▶ TASK: Look for the line that has "Mercatino di Natale" in the material below; please repeat it and every line after it, exactly, up to and including the line that has "1) δ(x)= Σ_(n=1)", and nothing else.

▶ TASK INPUTS:

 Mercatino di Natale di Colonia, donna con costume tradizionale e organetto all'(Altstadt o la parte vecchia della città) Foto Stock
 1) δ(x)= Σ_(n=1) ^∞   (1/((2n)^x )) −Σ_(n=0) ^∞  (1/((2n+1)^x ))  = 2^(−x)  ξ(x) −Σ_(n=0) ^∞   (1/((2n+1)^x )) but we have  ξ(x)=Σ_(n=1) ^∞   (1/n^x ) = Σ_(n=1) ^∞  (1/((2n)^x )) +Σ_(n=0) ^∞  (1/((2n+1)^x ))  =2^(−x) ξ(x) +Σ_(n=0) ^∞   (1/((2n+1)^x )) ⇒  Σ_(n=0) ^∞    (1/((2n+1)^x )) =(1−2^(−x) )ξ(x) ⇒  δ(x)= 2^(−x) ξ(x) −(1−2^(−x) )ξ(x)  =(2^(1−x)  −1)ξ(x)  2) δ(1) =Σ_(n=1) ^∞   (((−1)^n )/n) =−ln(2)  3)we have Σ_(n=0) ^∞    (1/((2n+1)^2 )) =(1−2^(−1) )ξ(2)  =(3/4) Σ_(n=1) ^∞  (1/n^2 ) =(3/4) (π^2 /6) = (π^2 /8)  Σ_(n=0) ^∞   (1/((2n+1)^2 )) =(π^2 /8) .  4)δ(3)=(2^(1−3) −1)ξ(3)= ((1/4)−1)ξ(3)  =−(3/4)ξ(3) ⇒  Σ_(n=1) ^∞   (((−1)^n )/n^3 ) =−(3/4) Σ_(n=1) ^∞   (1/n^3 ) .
--
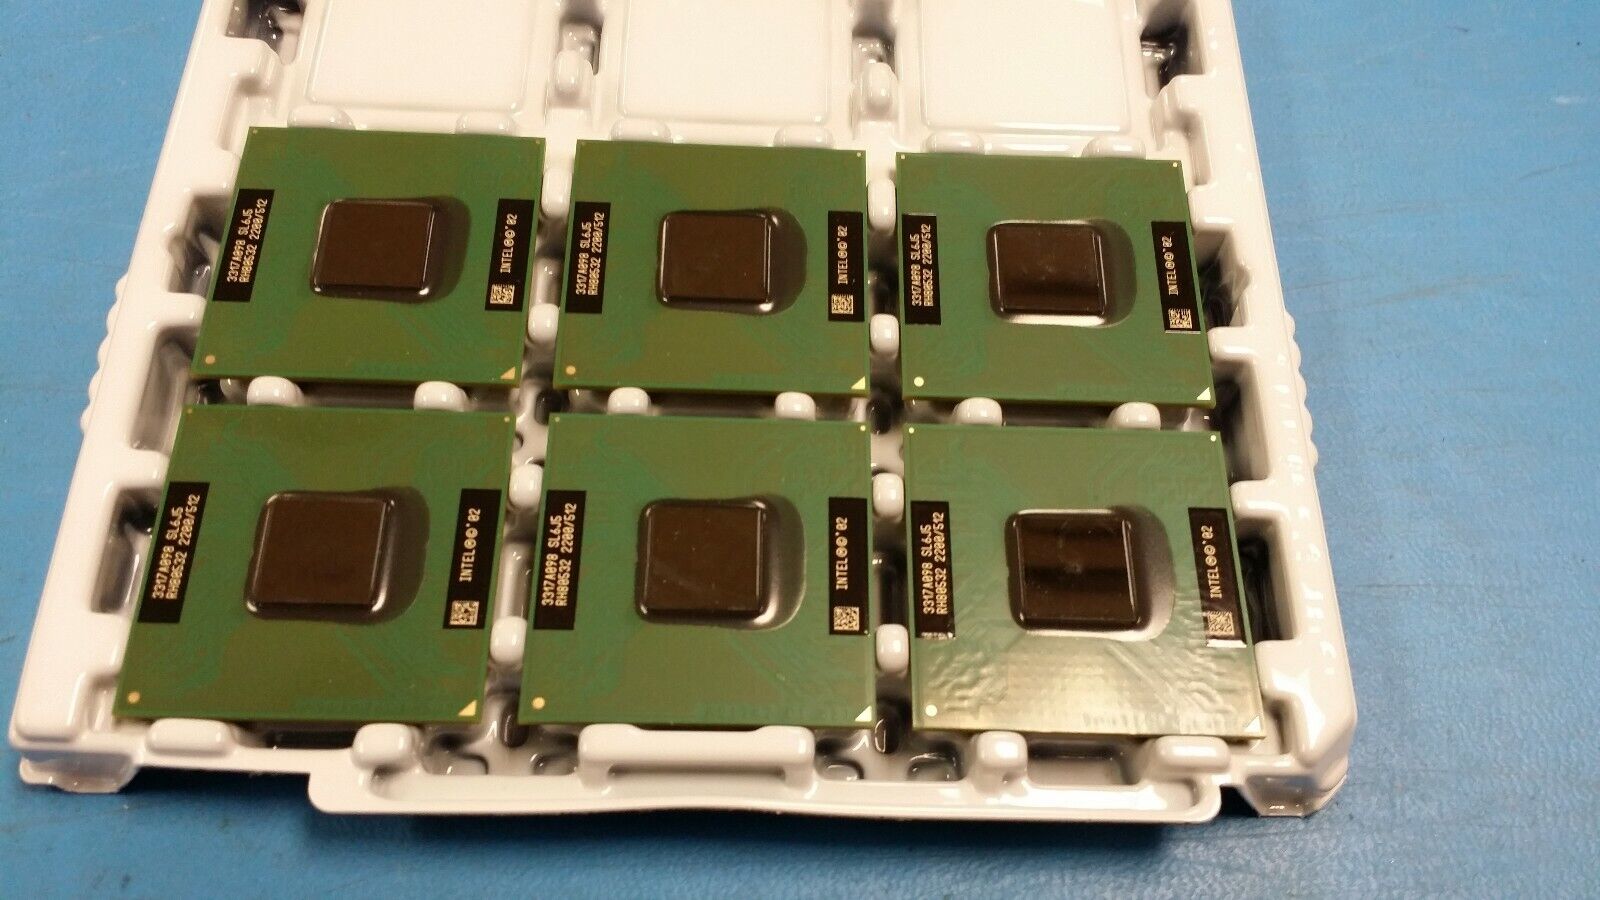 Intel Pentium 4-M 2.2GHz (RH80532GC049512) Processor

▶ ANSWER SECTION:
 Mercatino di Natale di Colonia, donna con costume tradizionale e organetto all'(Altstadt o la parte vecchia della città) Foto Stock
 1) δ(x)= Σ_(n=1) ^∞   (1/((2n)^x )) −Σ_(n=0) ^∞  (1/((2n+1)^x ))  = 2^(−x)  ξ(x) −Σ_(n=0) ^∞   (1/((2n+1)^x )) but we have  ξ(x)=Σ_(n=1) ^∞   (1/n^x ) = Σ_(n=1) ^∞  (1/((2n)^x )) +Σ_(n=0) ^∞  (1/((2n+1)^x ))  =2^(−x) ξ(x) +Σ_(n=0) ^∞   (1/((2n+1)^x )) ⇒  Σ_(n=0) ^∞    (1/((2n+1)^x )) =(1−2^(−x) )ξ(x) ⇒  δ(x)= 2^(−x) ξ(x) −(1−2^(−x) )ξ(x)  =(2^(1−x)  −1)ξ(x)  2) δ(1) =Σ_(n=1) ^∞   (((−1)^n )/n) =−ln(2)  3)we have Σ_(n=0) ^∞    (1/((2n+1)^2 )) =(1−2^(−1) )ξ(2)  =(3/4) Σ_(n=1) ^∞  (1/n^2 ) =(3/4) (π^2 /6) = (π^2 /8)  Σ_(n=0) ^∞   (1/((2n+1)^2 )) =(π^2 /8) .  4)δ(3)=(2^(1−3) −1)ξ(3)= ((1/4)−1)ξ(3)  =−(3/4)ξ(3) ⇒  Σ_(n=1) ^∞   (((−1)^n )/n^3 ) =−(3/4) Σ_(n=1) ^∞   (1/n^3 ) .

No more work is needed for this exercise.